Start of Collected data

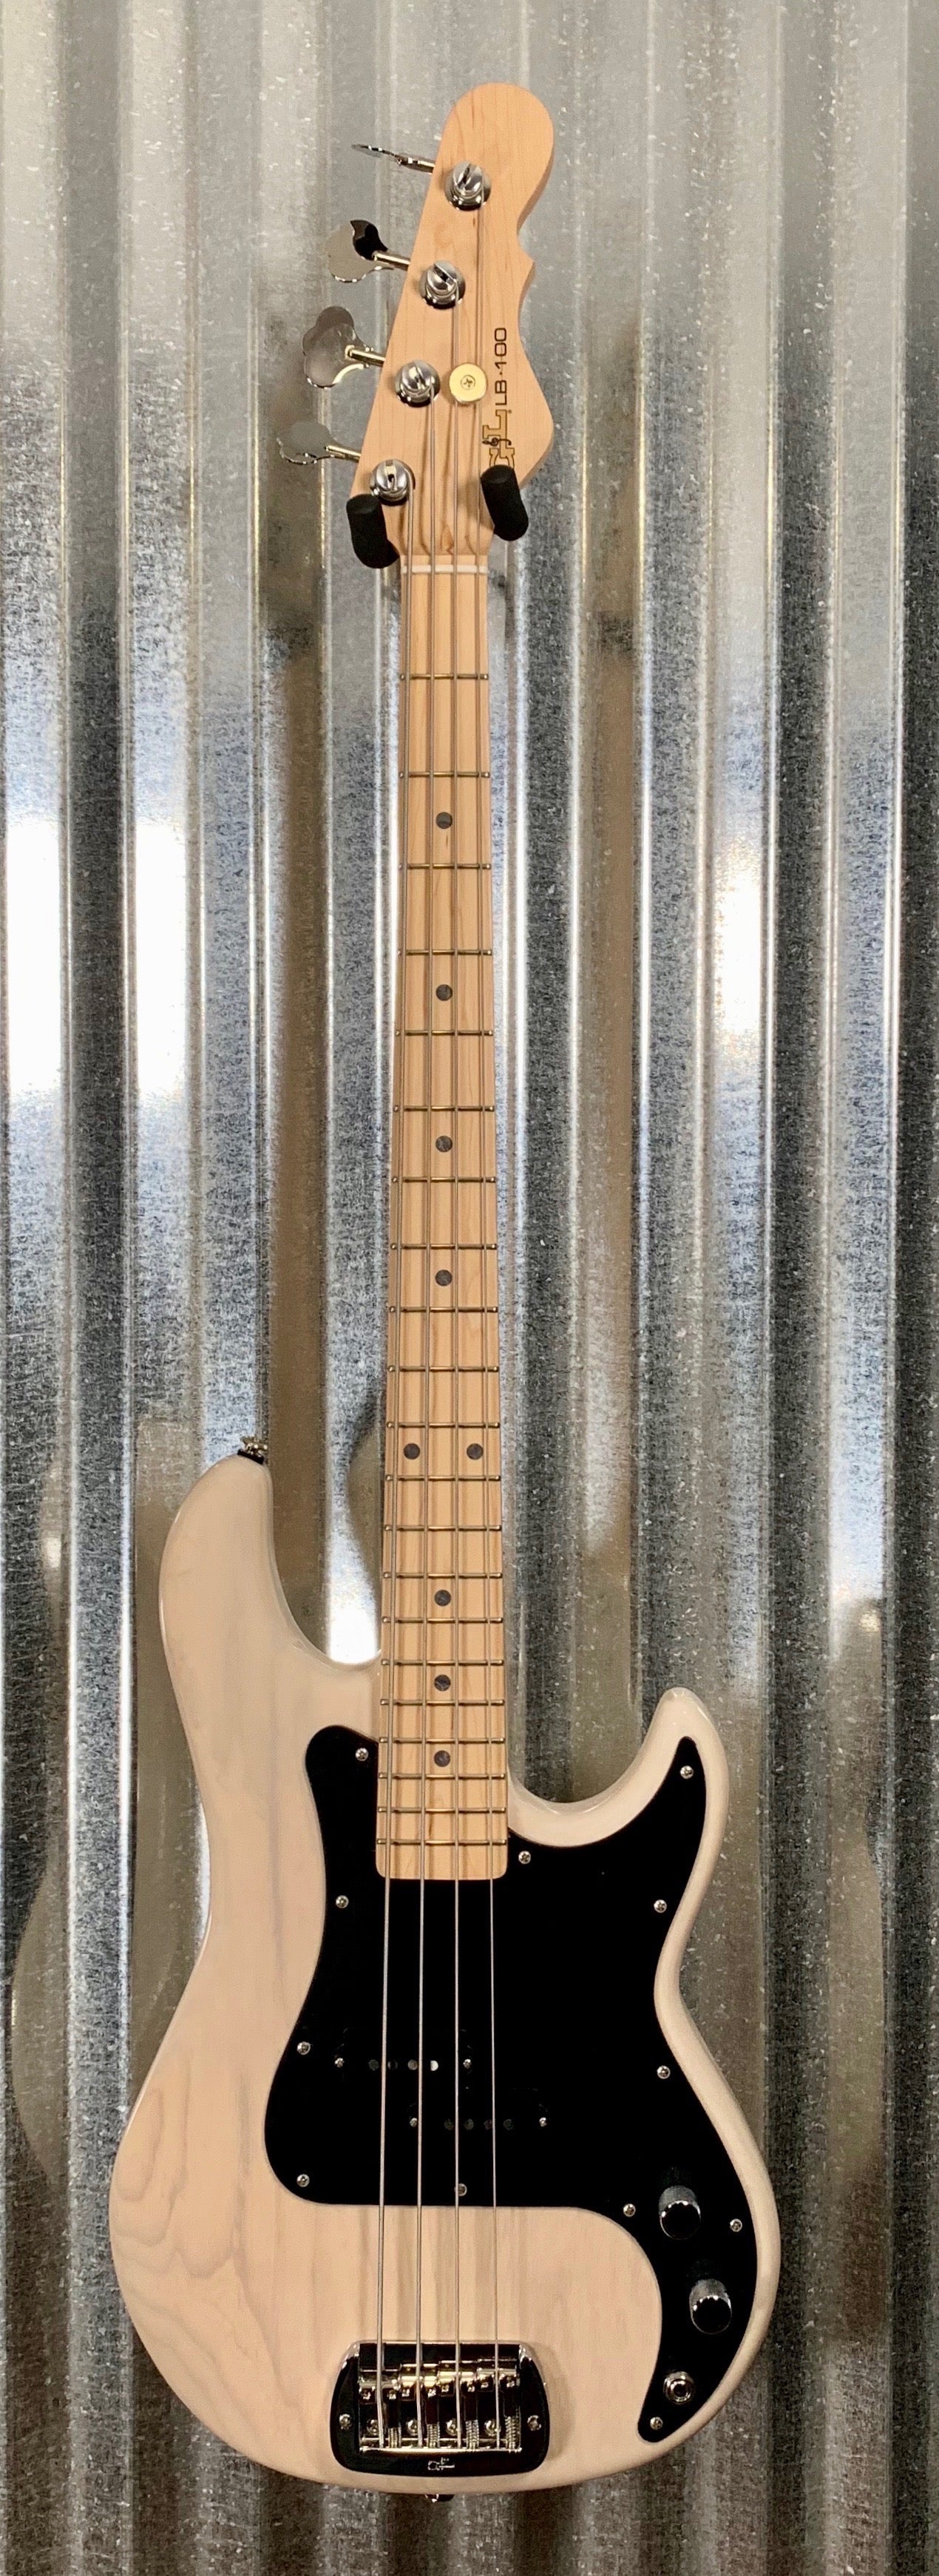 G&L USA Fullerton Custom LB100 Blonde 4 String Bass & Case LB-100 #4044
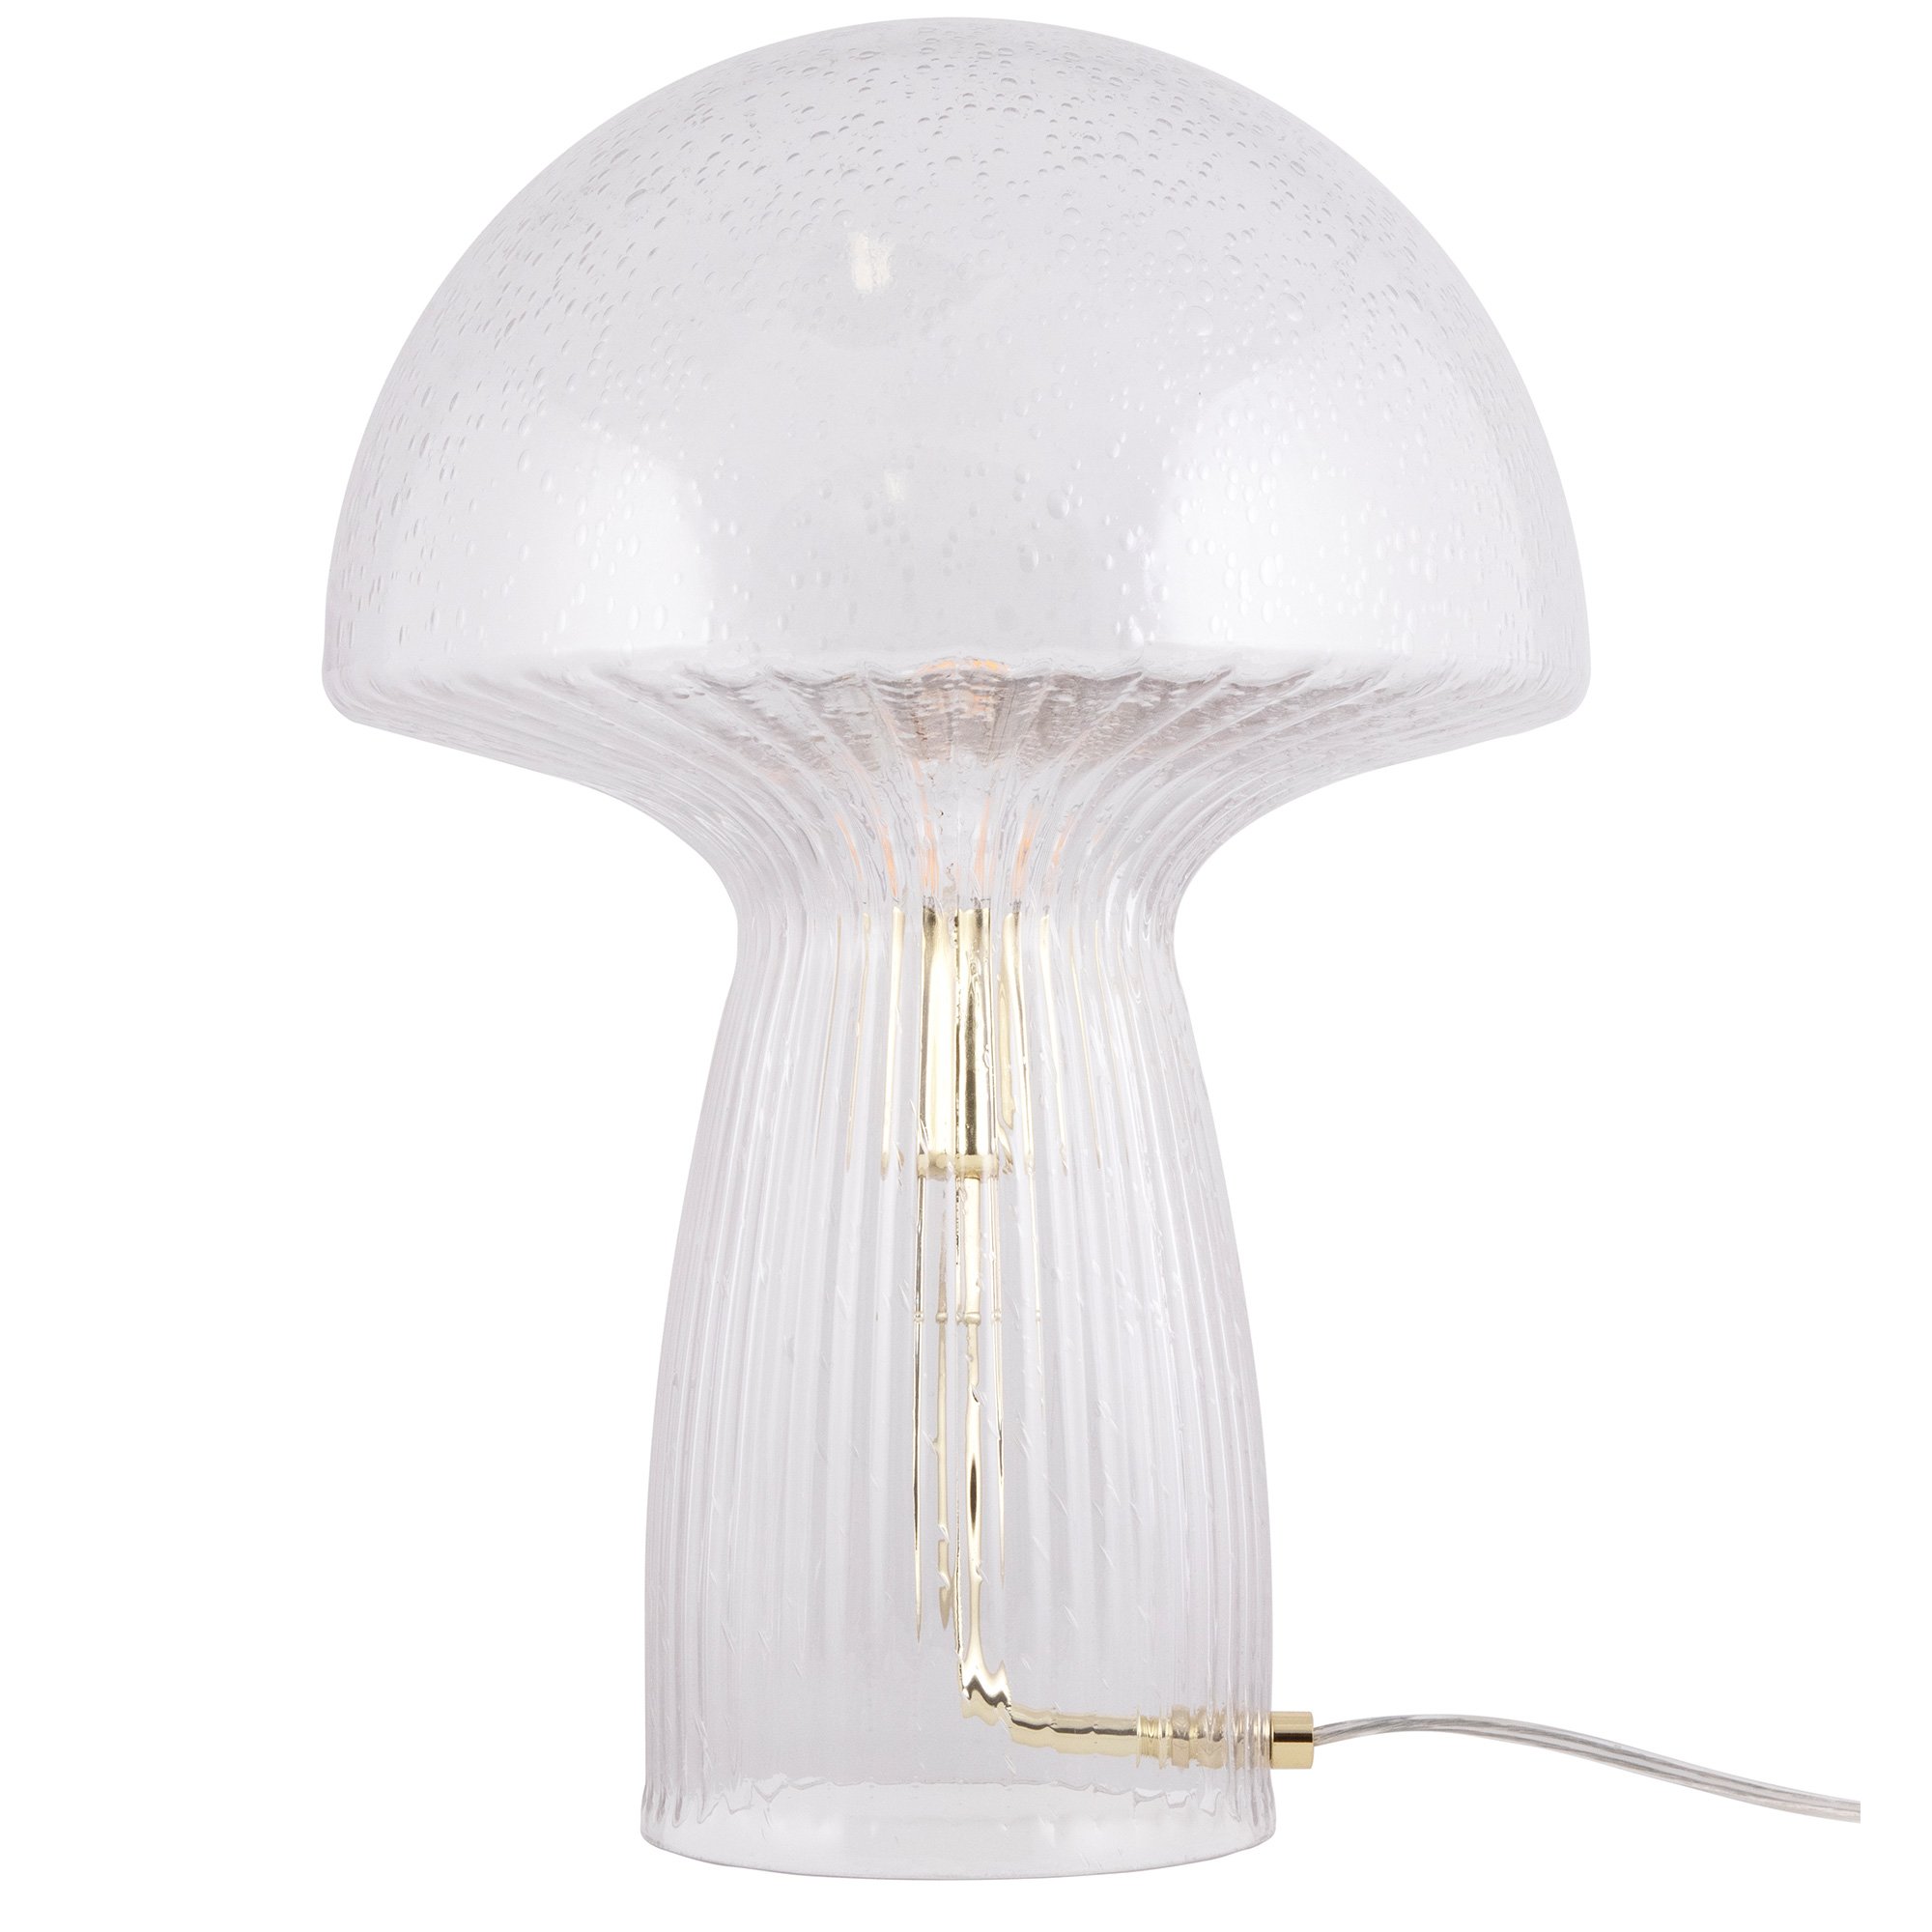 Globen Lighting Fungo Special Edition bordlampe klar, 30 cm.
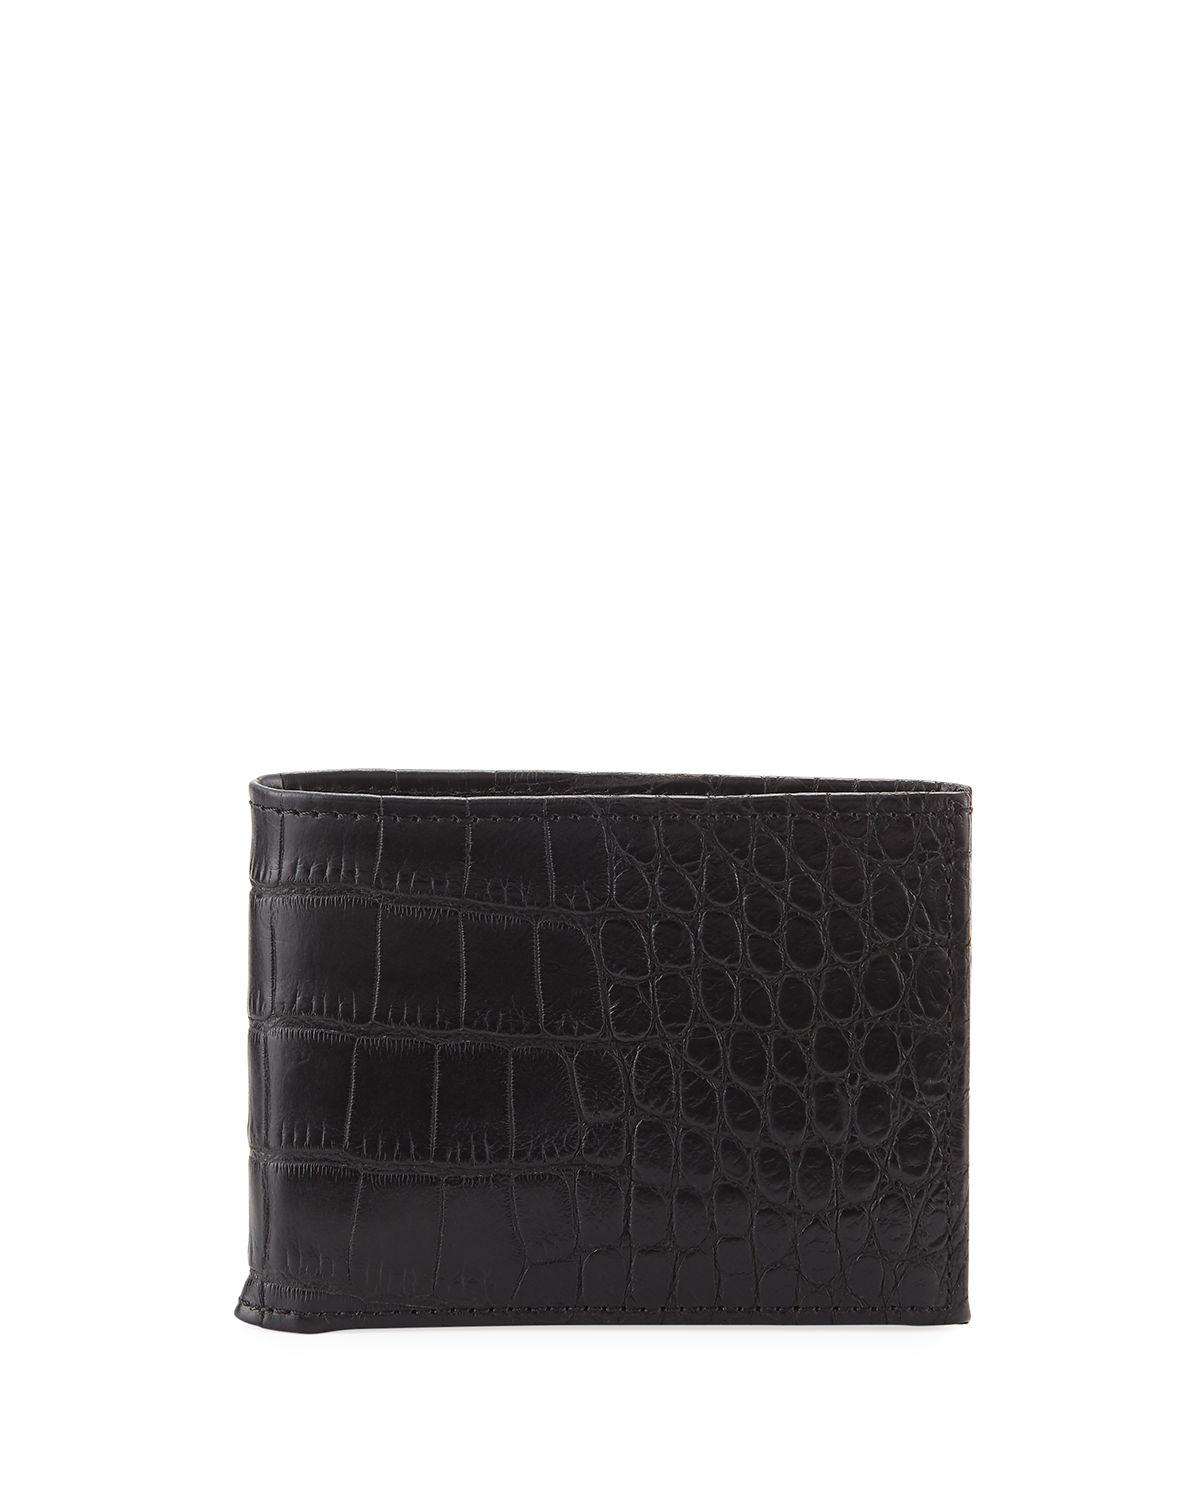 Lyst - Neiman Marcus Slim Bi-fold Wallet in Black for Men

End of Collected data

» Work order: This task calls for the listing to be restated exactly, with images omitted.

» Answer to this problem:
 G&L USA Fullerton Custom LB100 Blonde 4 String Bass & Case LB-100 #4044
 Globen Lighting Fungo Special Edition bordlampe klar, 30 cm.
 Lyst - Neiman Marcus Slim Bi-fold Wallet in Black for Men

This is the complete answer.